Source material:
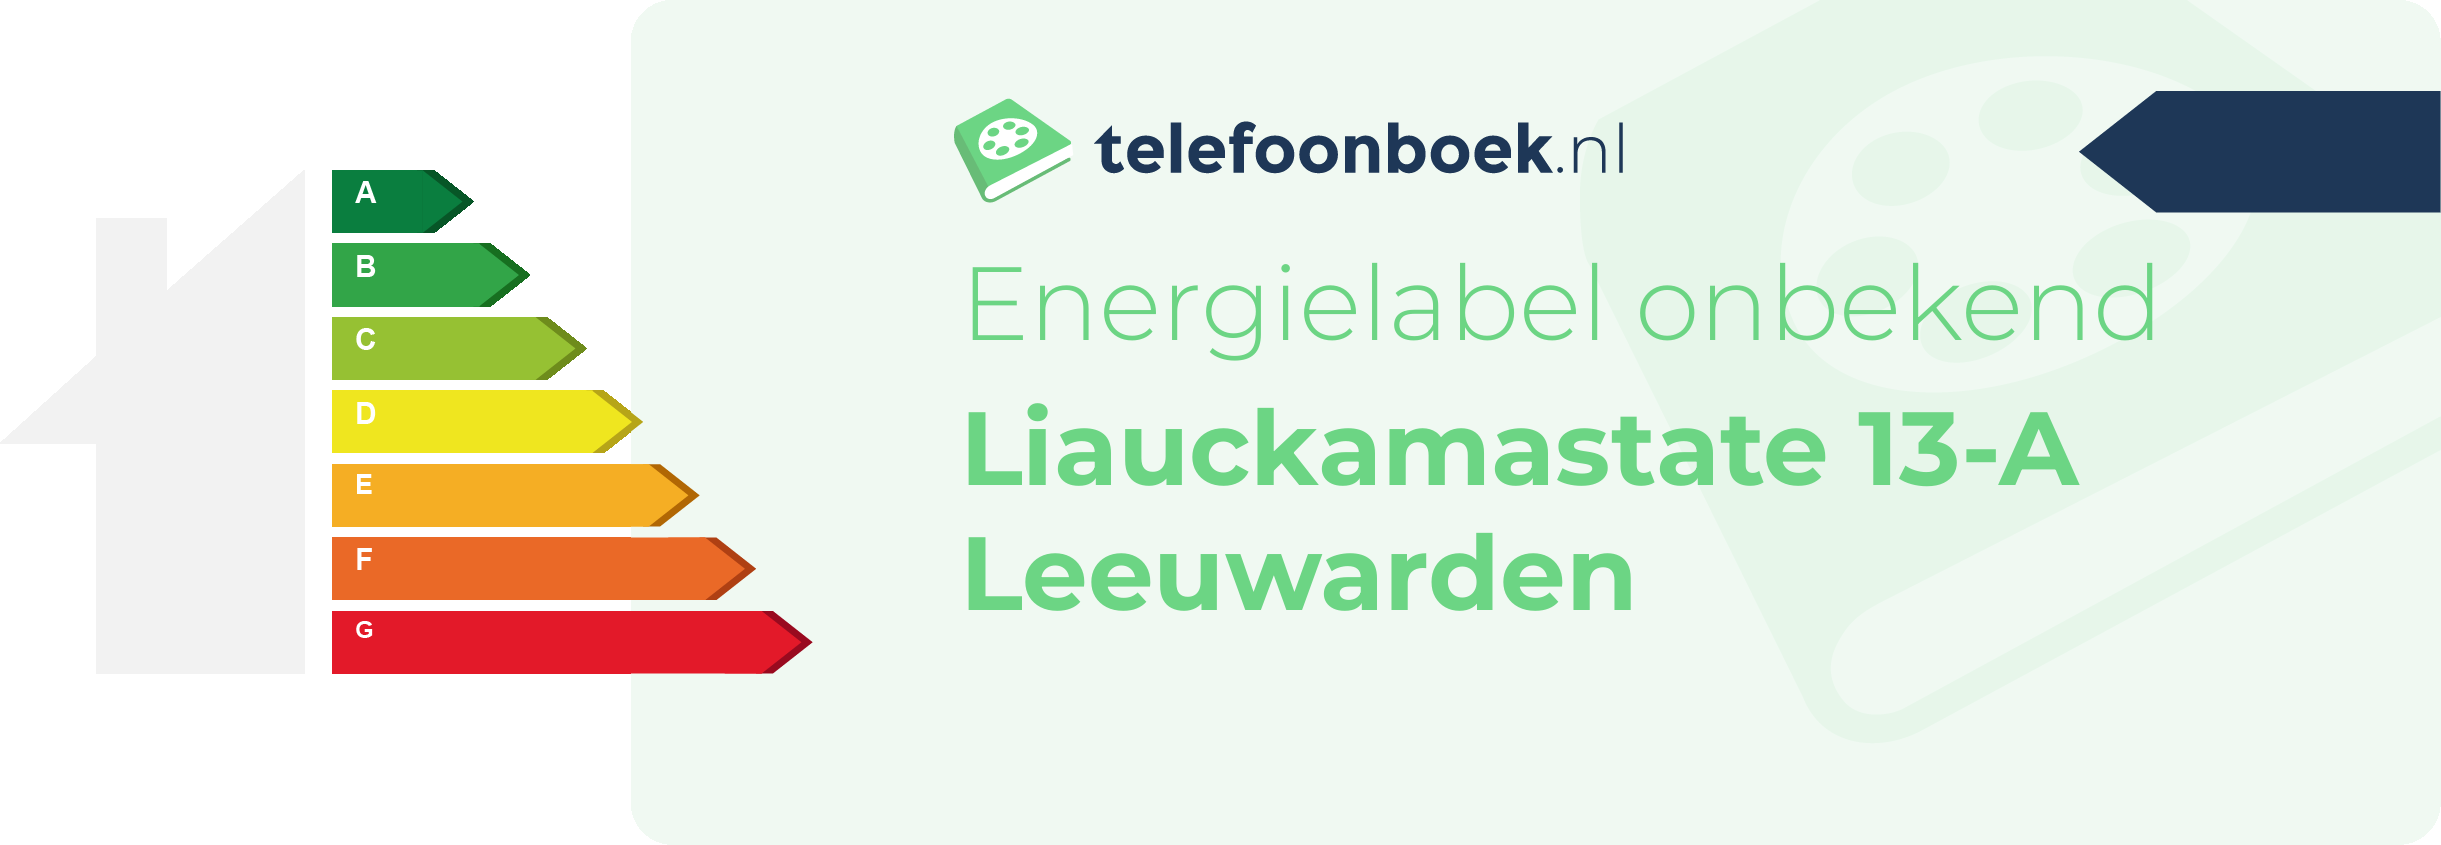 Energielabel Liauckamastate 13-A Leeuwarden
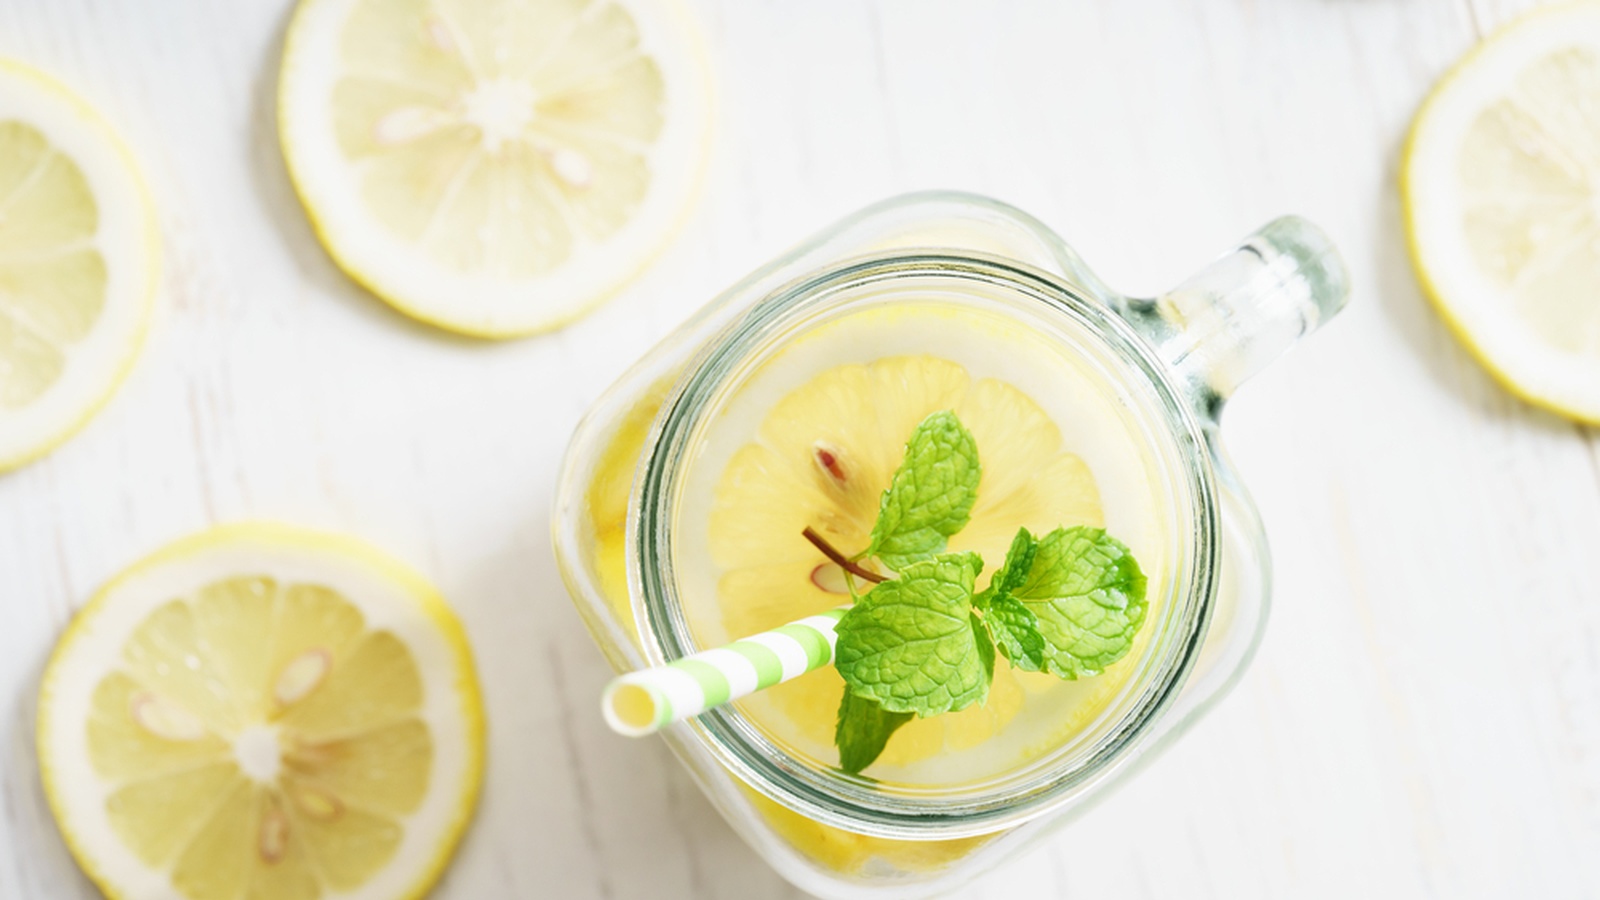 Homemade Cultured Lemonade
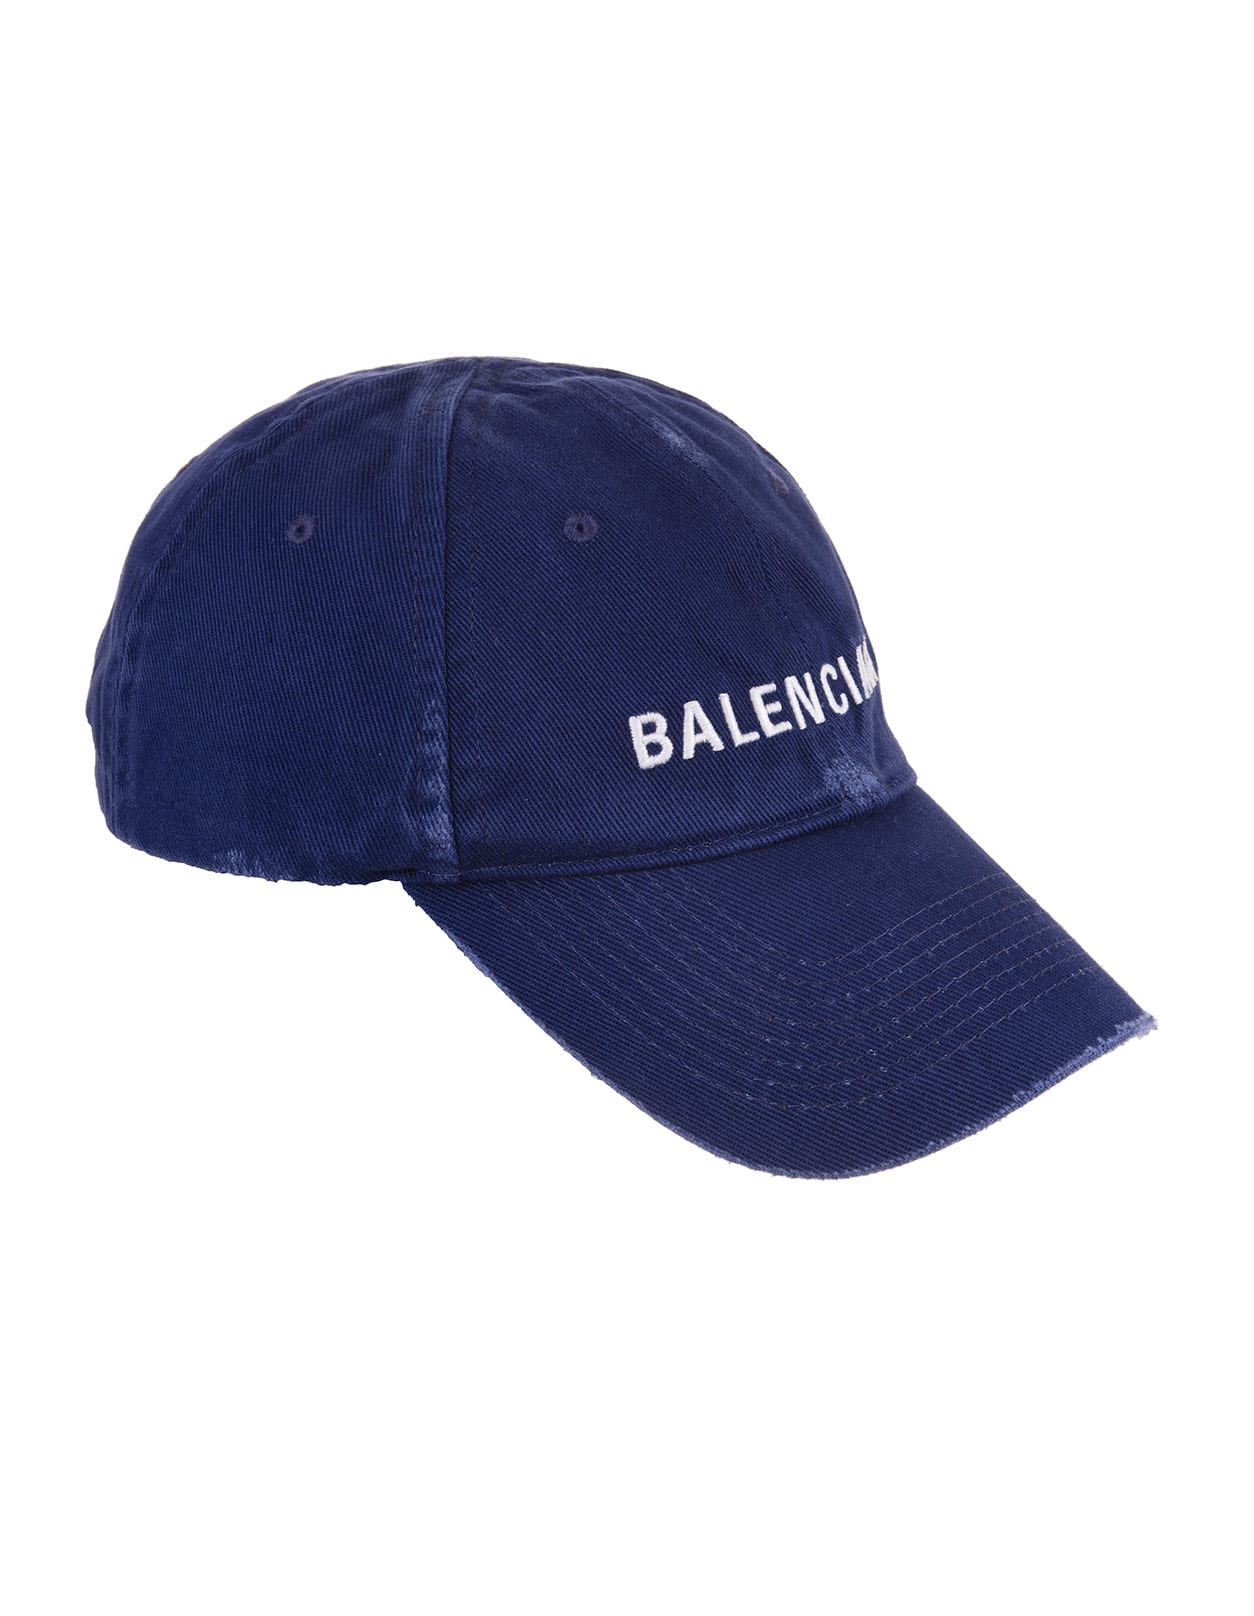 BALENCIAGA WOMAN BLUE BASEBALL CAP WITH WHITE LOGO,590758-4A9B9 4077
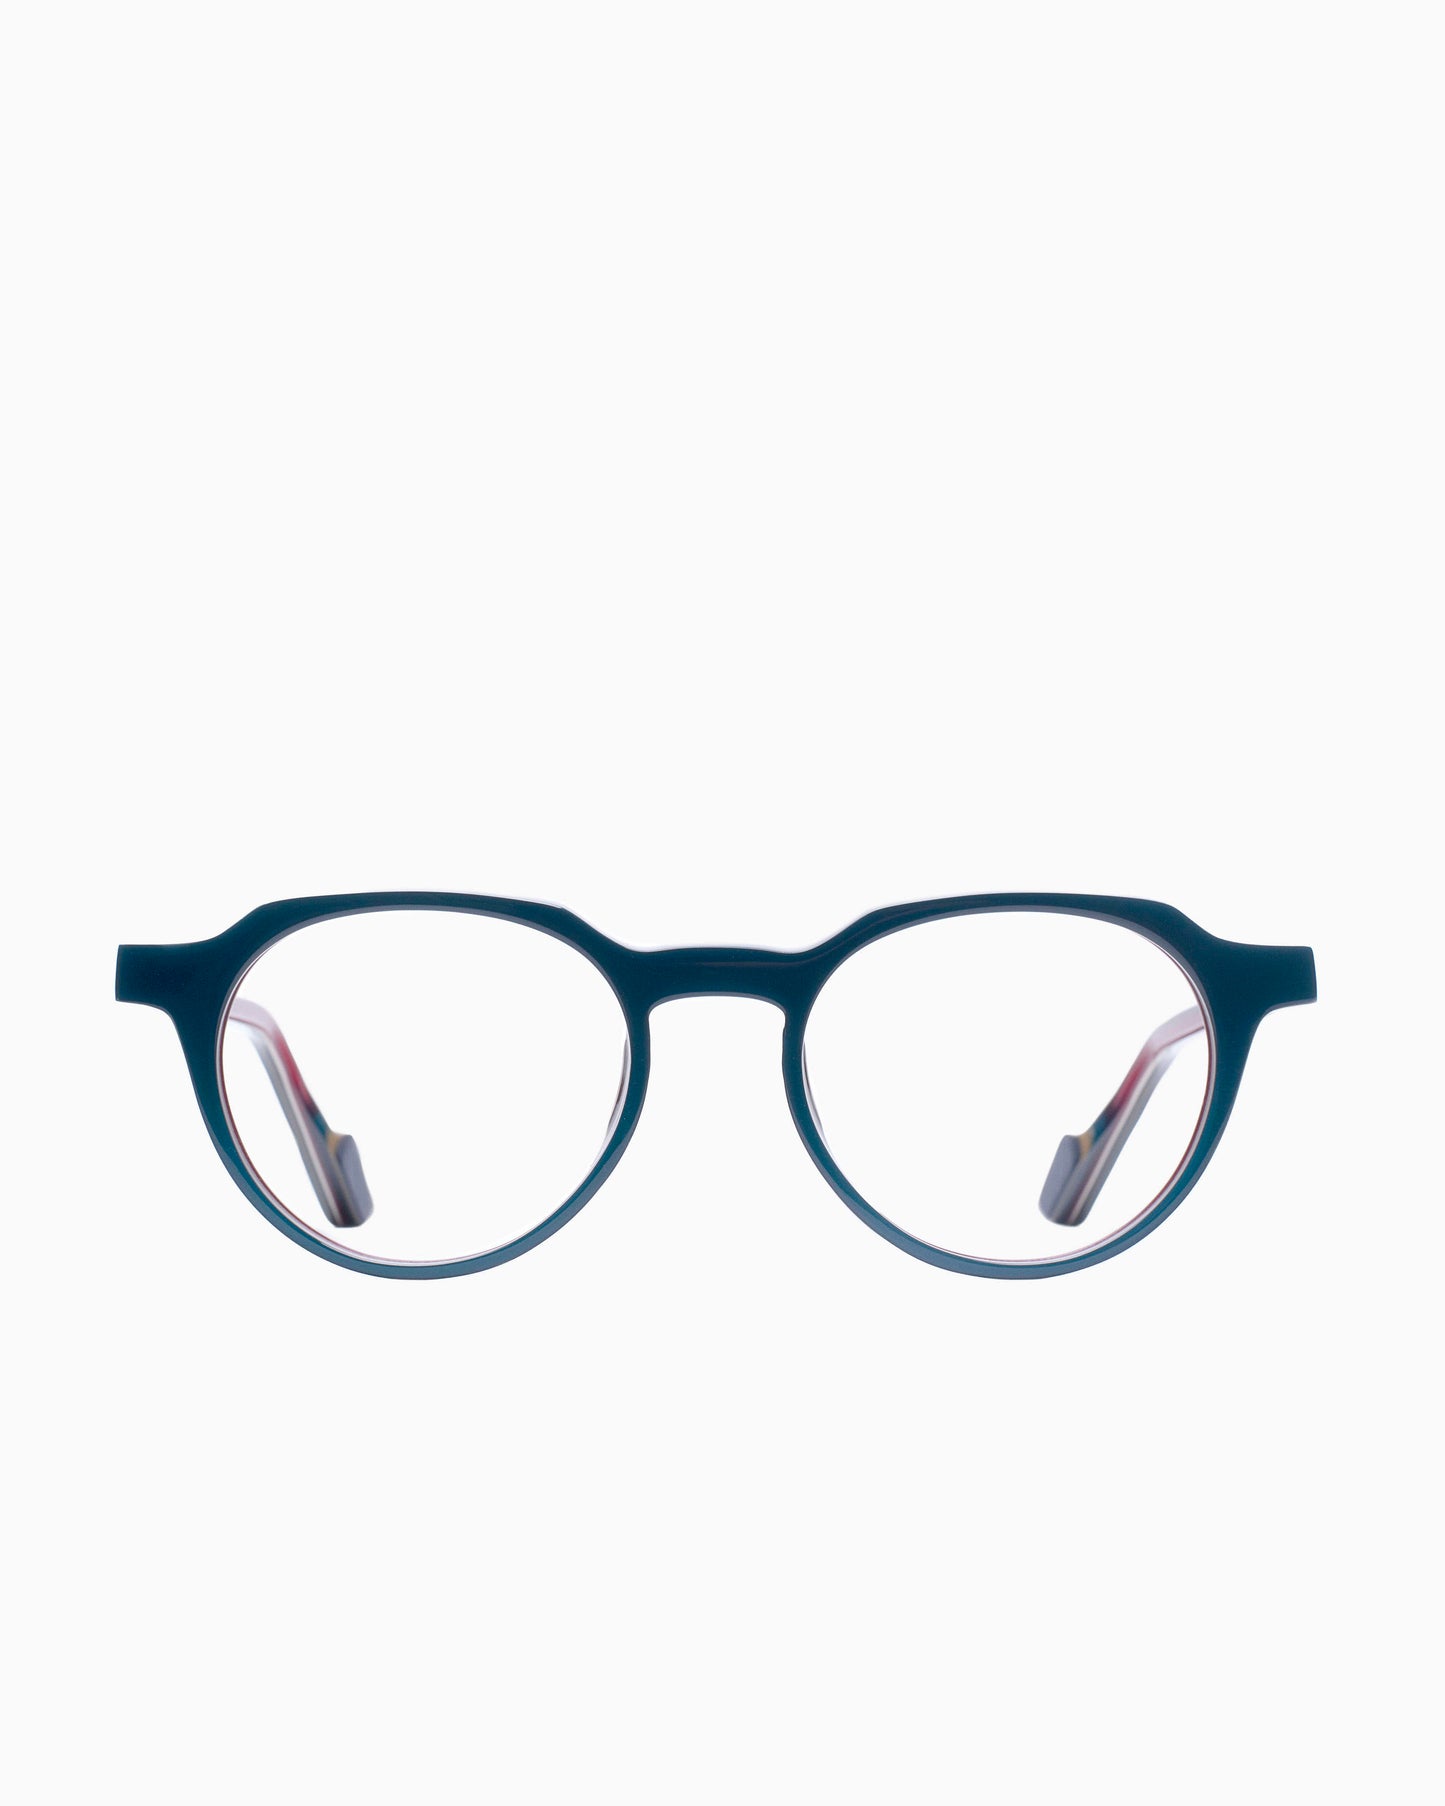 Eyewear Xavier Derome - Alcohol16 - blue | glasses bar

How to complete this task: Retype the data above exactly; pictures are not part of the copy.

Final answer:
 Energielabel Liauckamastate 13-A Leeuwarden
 Homemade Cultured Lemonade
 BALENCIAGA WOMAN BLUE BASEBALL CAP WITH WHITE LOGO,590758-4A9B9 4077
 Eyewear Xavier Derome - Alcohol16 - blue | glasses bar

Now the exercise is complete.